Жив сграбастал парня обеими руками, привлек к себе, прижал, шепнул в ухо:
– Это они нелюди, сокол. Только ты обиды долго не таи, а то на всю жизнь обиженным останешься, а на обиженных воду возят. И зла не держи, сердце много зла удержать не может, лопнет! – Он отстранился. Поглядел в глаза прямо. – И про Крона не говори так. Будто не знаешь, что отец он мне!
Скил опустил глаза, ссутулился. Лучше было промолчать, но не таким уродился он на свет белый, не получался из него молчальник. За то и страдал частенько. За то и мучился.
– Не отец он тебе!
– Молчи.
– Не отец! Все знают!
Жив приложил ладонь к груди – поруч звякнул по брони зерцала нагрудного, не дало оно коснуться мешочка потертого, того самого, с пеплом материнским. Ничего! Жив вздохнул. Улыбнулся натяжно.
– Отец! – отрезал он, прекращая спор. И добавил мягче: – А ты, Скил, рано с вдовушкой сжился, хоть и спасла она тебя, прежде надо было с мыслями своими поладить, им пару ночек подарить, чтоб в голове ряд да лад настал. Ну да хватит об этом!
– Хватит, – согласился Скил. И будто вспомнил внезапно: – только меча-то у меня нет…
– Была б голова, меч найдется…
Жив смотрел в море, туда, где за синими волнами таился где-то вдалеке не видимый отсюда остров Скры-тень. Там были верные, надежные люди, там были бра-ты, там был Ворон, и Овил… и мертвая Веша, с которой любился он одну лишь весну. Но и здесь он был уже не один. Год в ближней охране Великого князя. Под взглядами всевидящих и молчащих волхвов… почему они молчали?! Нет, пора было решаться на что-то. И он давно бы решился… Только б еще разок, напоследок, повидать ее, узнать, как зовут, услышать нежный и звонкий голос, коснуться бархатной кожи… А там хоть в омут с головой!
Верхушки высоченных елей чуть покачивались в темнеющем небе. Но внизу, на просторной лесной поляне было тихо, безветренно и благостно. Лес ждал ночи, тихой и сонной для одних его обитателей, и безжалостной, может быть, последней для других. Лес был вечен и безмолвен, его не интересовали чьи-то жизни и смерти – все приходят в эту жизнь и уходят из нее, а он остается.
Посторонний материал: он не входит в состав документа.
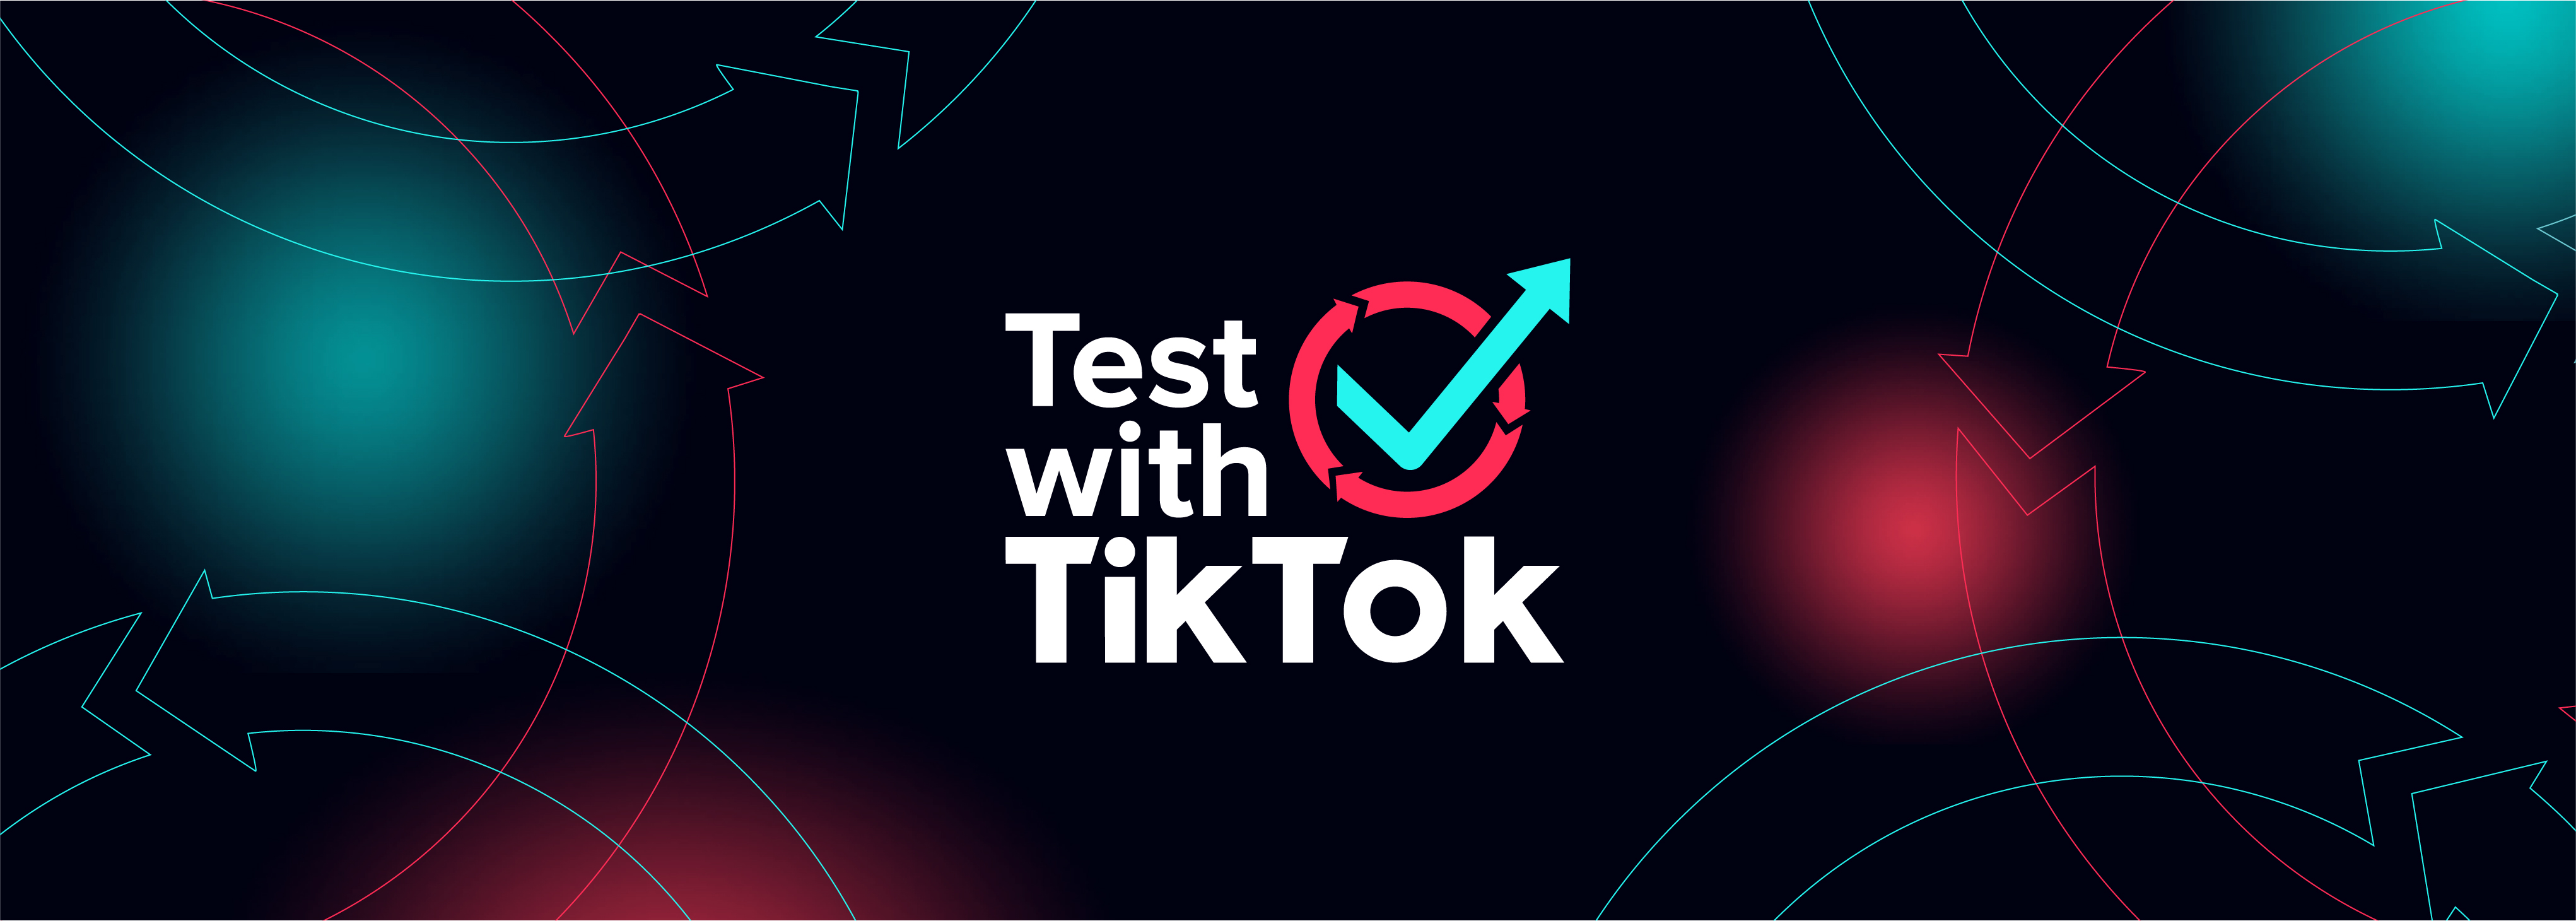 BA Test with TikTok: Scale Up Your Campaigns with Automation Solutions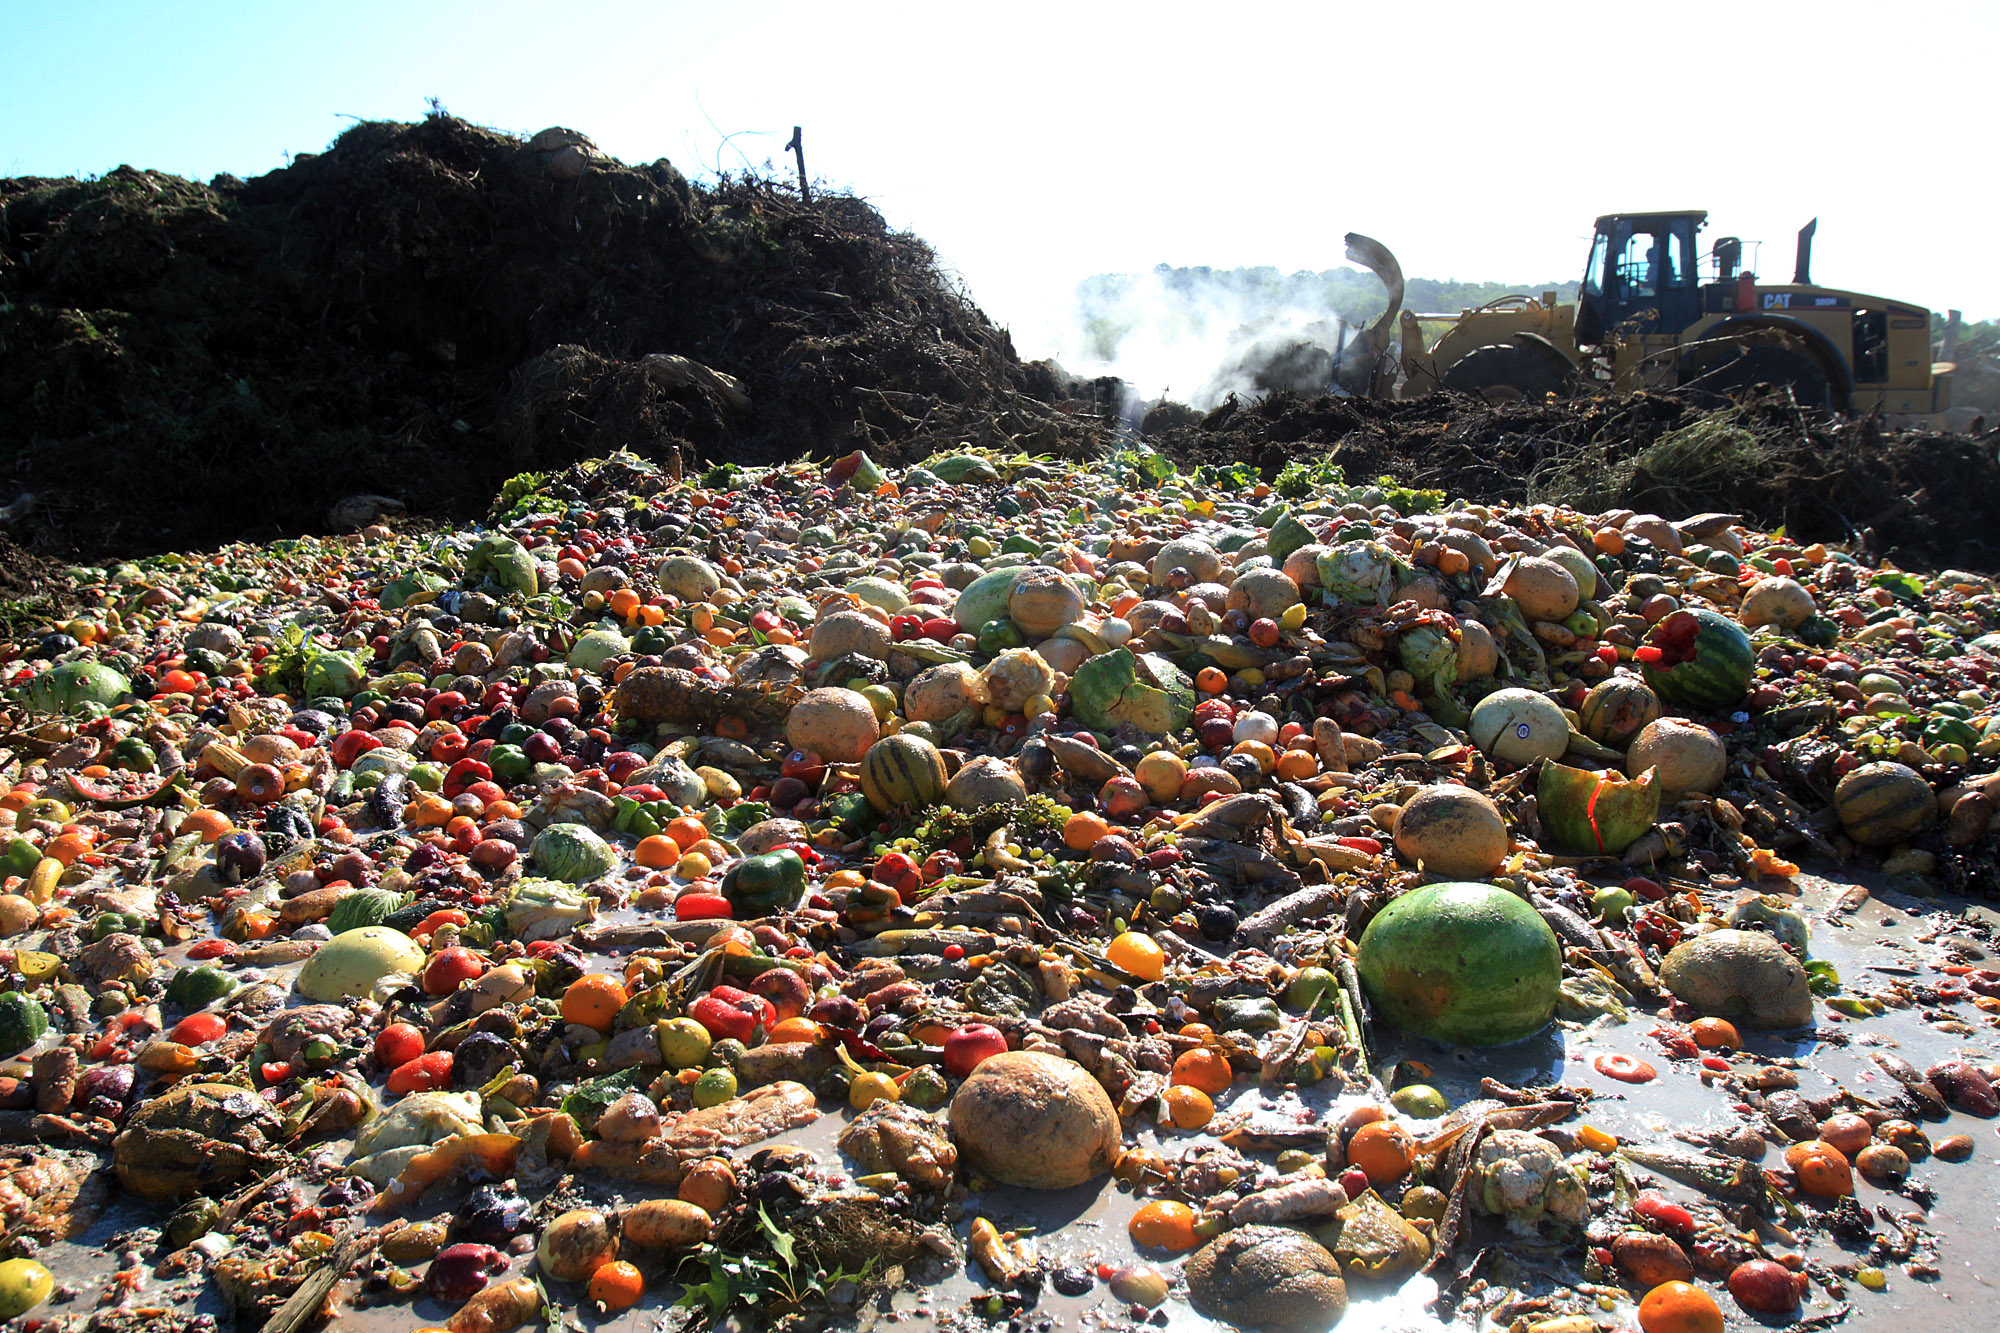 China's Food Waste Challenge - Collective Responsibility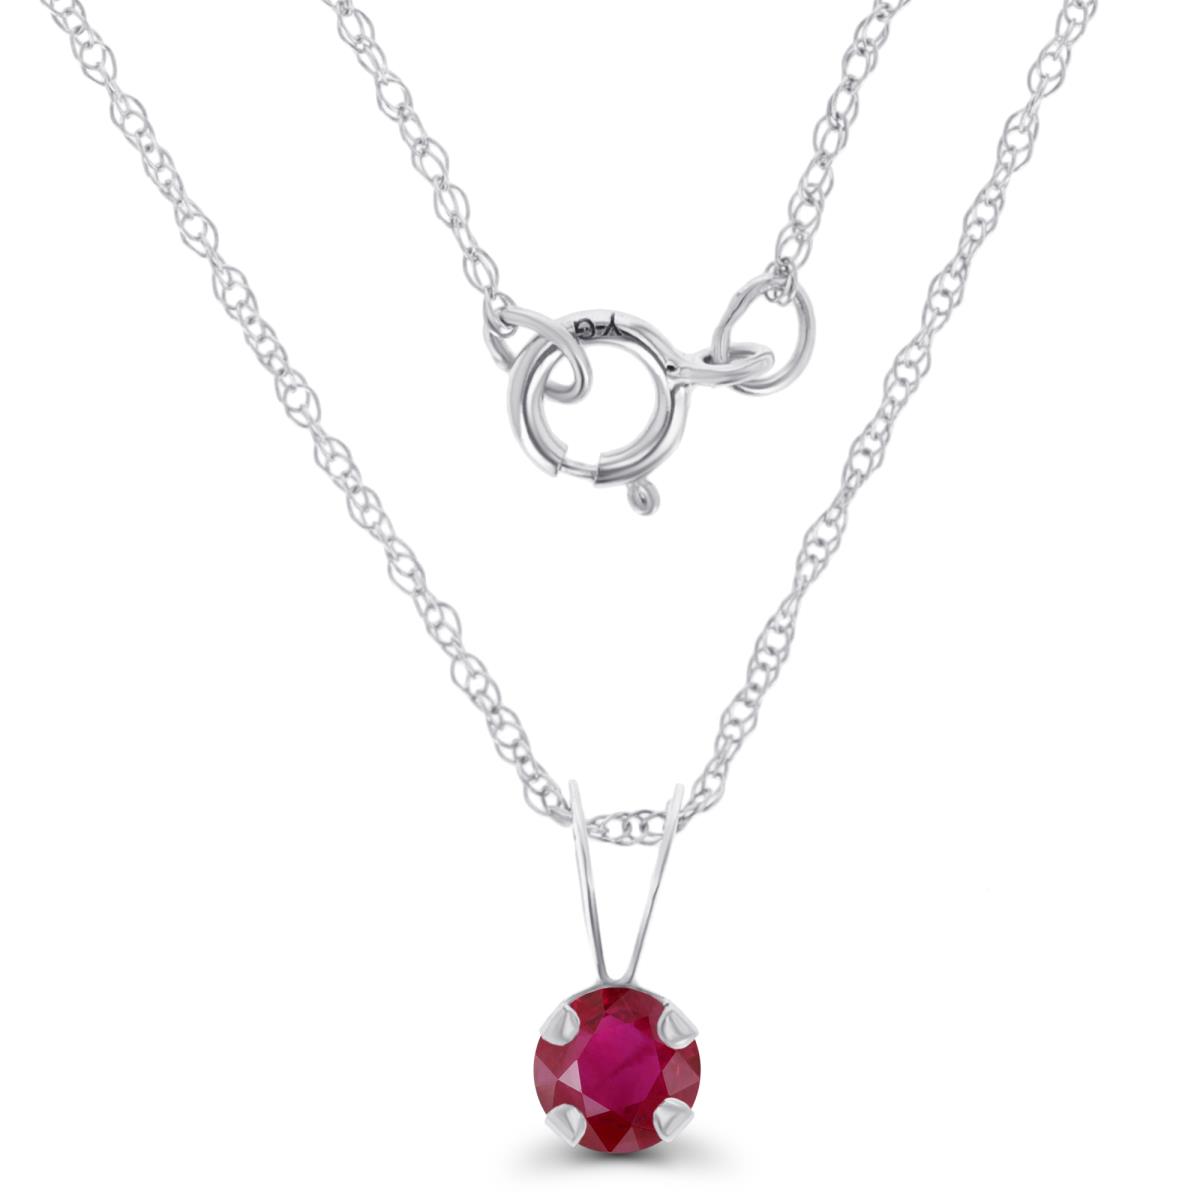 14K White Gold 4mm Round Glass Filled Ruby 18" Rope Chain Necklace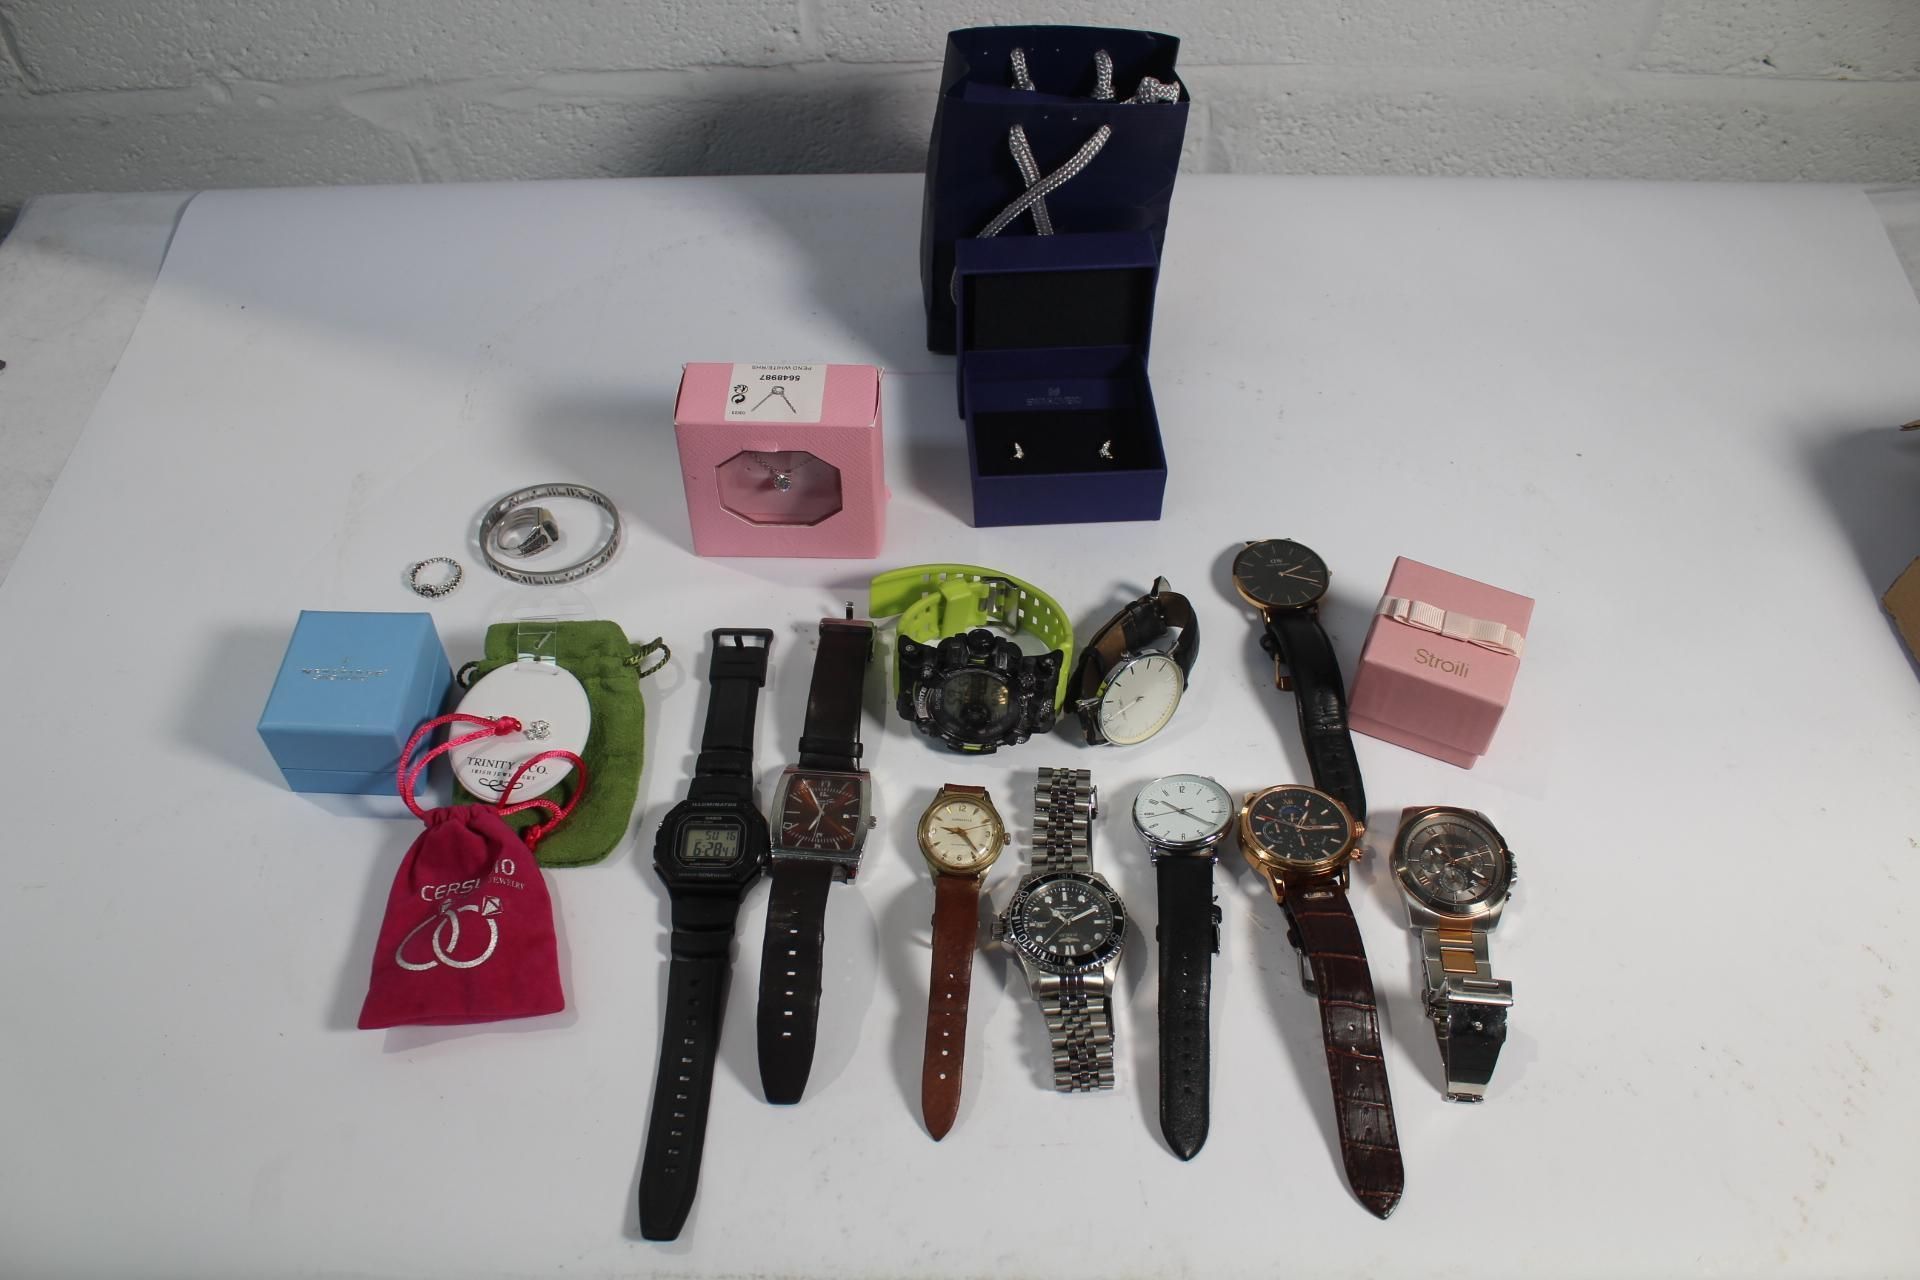 Assortment of Watches and Jewellery Accessories (Eighteen Items Total).

На поляне тоже ждали. Двадцать семь воевод, съехавшихся сюда, в княжью вотчину, со всех северных земель, сидели молча на древних замшелых валунах, невесть кем и когда выложенных по кольцу, зябко кутались в медвежьи и волчьи шубы. Ночь была холодной, скоро зима. И хотя на каждого со всей его свитой хватало вдосталь места в теремах, князь собрал их тут, ибо поляна была непростой. Звали ее Соборной Поляной – здесь и только здесь в последние десять веков человечьих разрешались все споры и думы Севера, сюда собирались старейшины, вожди лесных и прибрежных родов русов. Над Поляной не было сводов и куполов кроме свода и купола небесного, но именно под ним, по поверьям и преданиям, обитал Дух самого Рода Вседержителя в ипостаси Его праведной и неистовой, ярой и справедливой – сам солнцеликий Копола царствовал незримо среди дремучего и вечного леса.
Воеводы ждали слова.
Но князь Куп, застывший на плоском валуне посреди кольца, молчал. Он сидел на трех седых волчьих шкурах, в одном багряном корзне, тяжелыми складками ниспадающем с плеч. Светлорусые, почти седые волосы его были расплетены, распущены. Недвижные руки покоились на коленах. Сквозь смеженные веки не пробивался даже сумеречный уходящий свет. Куп ждал, когда на него снизойдет благодать, дарующая ясность и трезвость мысли, когда в душу его, сердце и мозг войдет Дух великого покровителя и брата старшего Кополы. Ибо и сам он – тень бессмертного бога на земле.
Костры вокруг кольца сидящих вспыхнули одновременно – и теперь невысокое, но ровное и жаркое пламя со всех сторон оберегало Собор от чужих глаз и ушей. Поляна сразу высветилась неровными дрожащими бликами, снопы искр потянулись к уже черному небосводу, словно воздаяние небожителям от прозябающих внизу, на земле… небожителями были отцы, деды, прадеды, пращуры… Воеводы воздели руки вверх, шубы сползли с их спин, теперь и без них было тепло. Дух Кополы нисходил на Священную Поляну.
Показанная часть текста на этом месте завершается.